Directions for this task: Omitting the pictures, print every line below exactly as it stands.

Supplied information:
=== Begin Enclosure ===

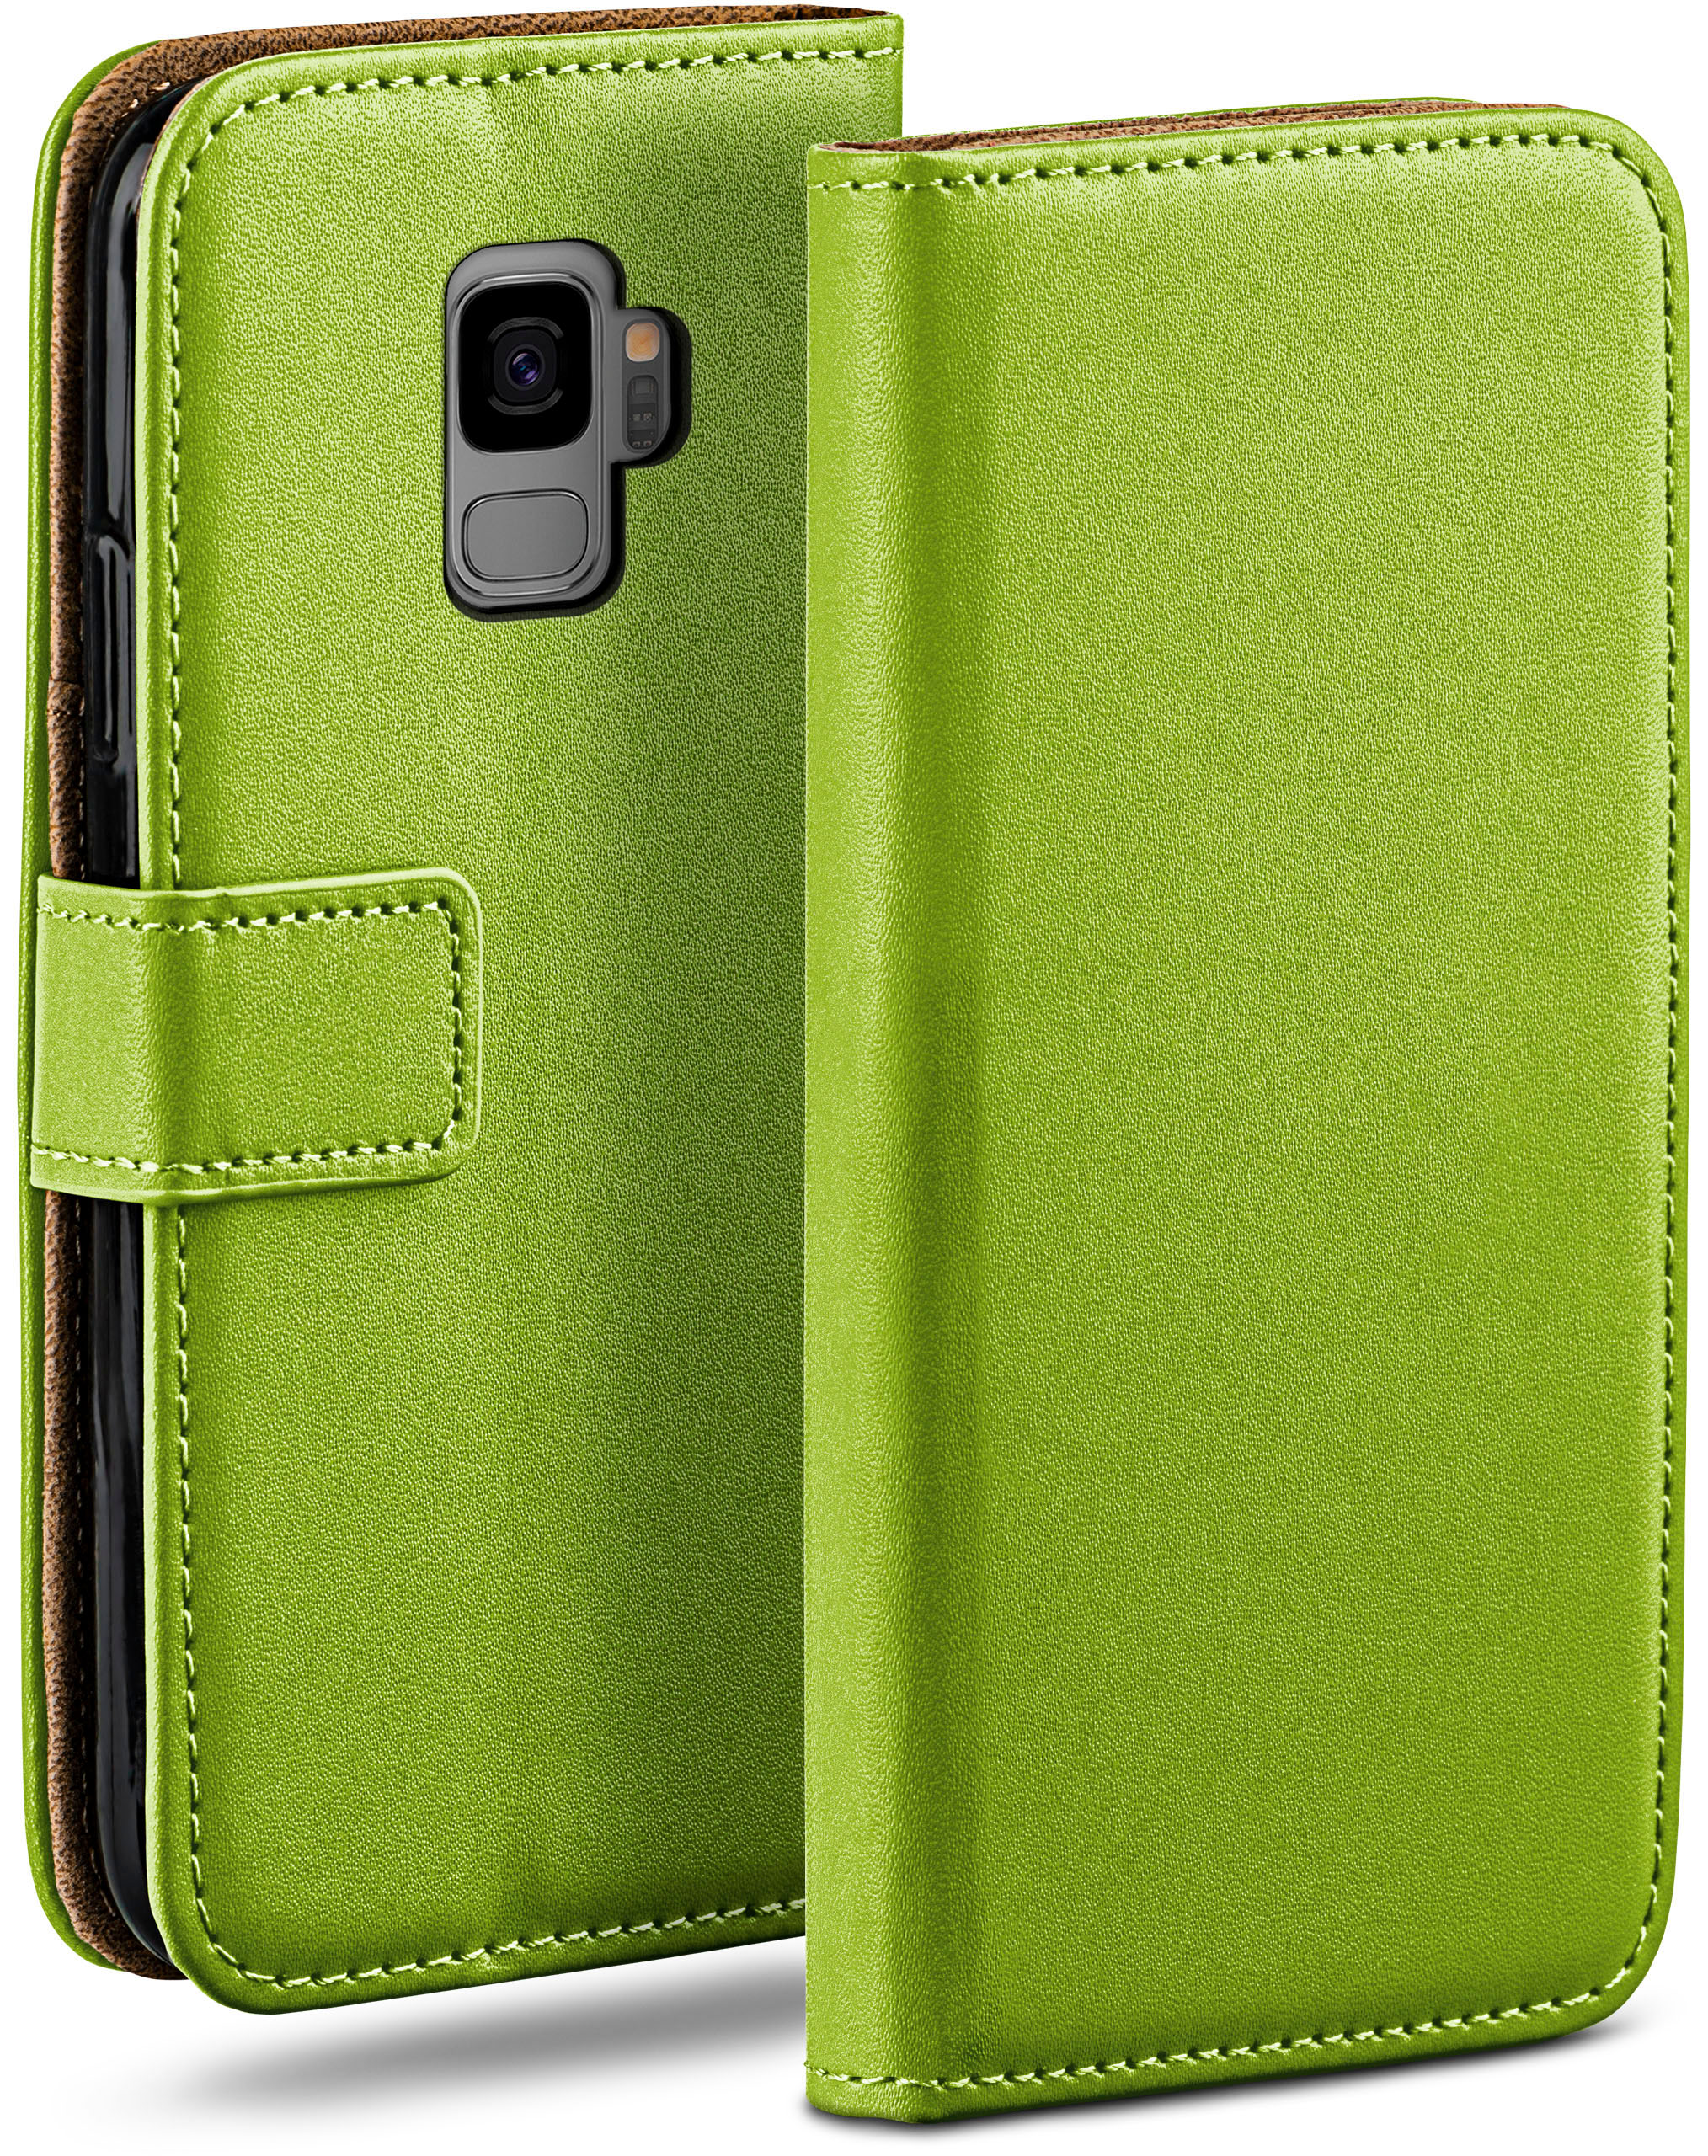 Book Bookcover, Galaxy S9, Case, Samsung, Lime-Green MOEX
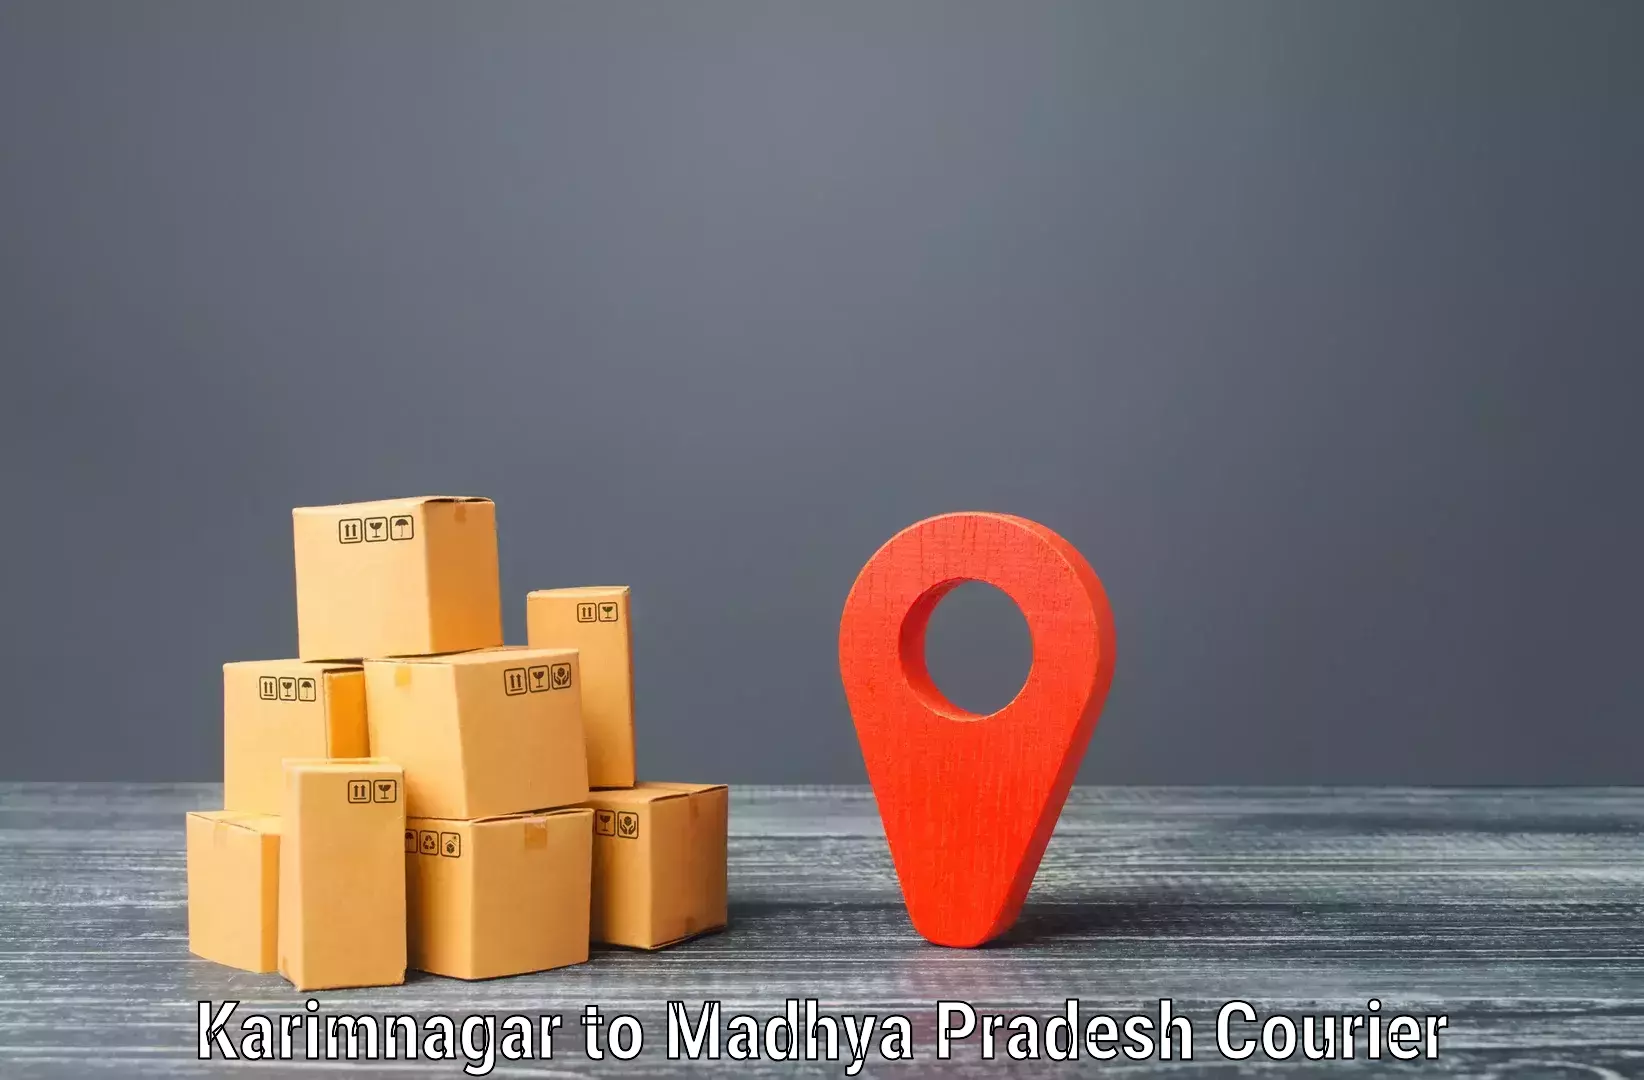 Sustainable shipping practices in Karimnagar to Indore
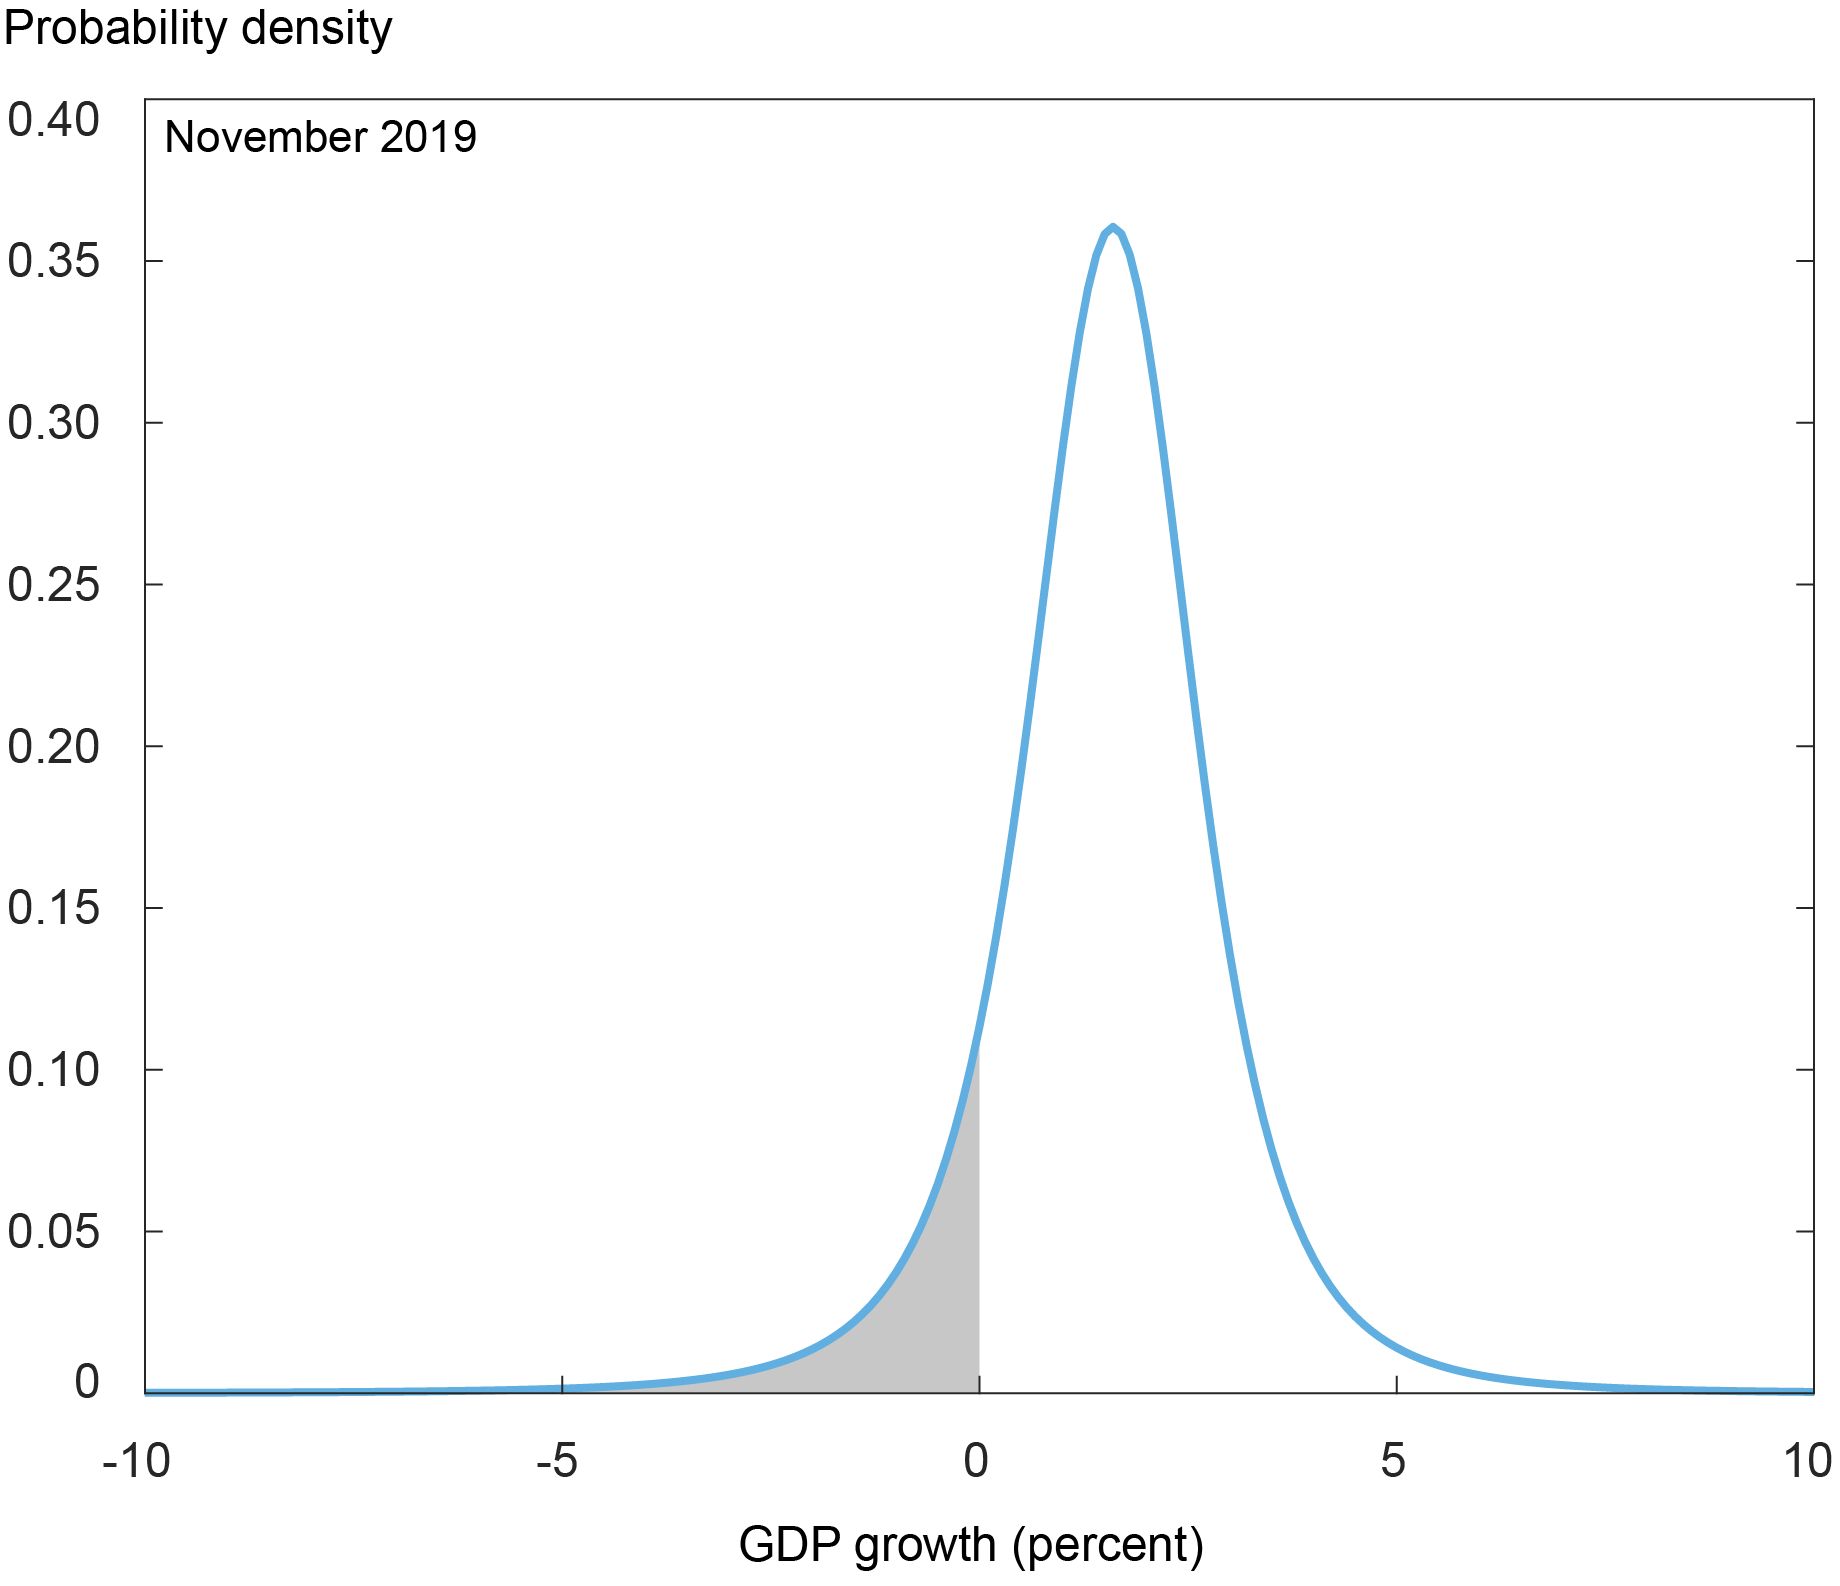 Liberty Street Economics probability density chart showing the estimated distribution of average real GDP growth as of November 2019, when financial conditions were relatively benign.

=== End Enclosure ===

Problem solution:
 Book Bookcover, Galaxy S9, Case, Samsung, Lime-Green MOEX
 Sustainable shipping practices in Karimnagar to Indore
 Liberty Street Economics probability density chart showing the estimated distribution of average real GDP growth as of November 2019, when financial conditions were relatively benign.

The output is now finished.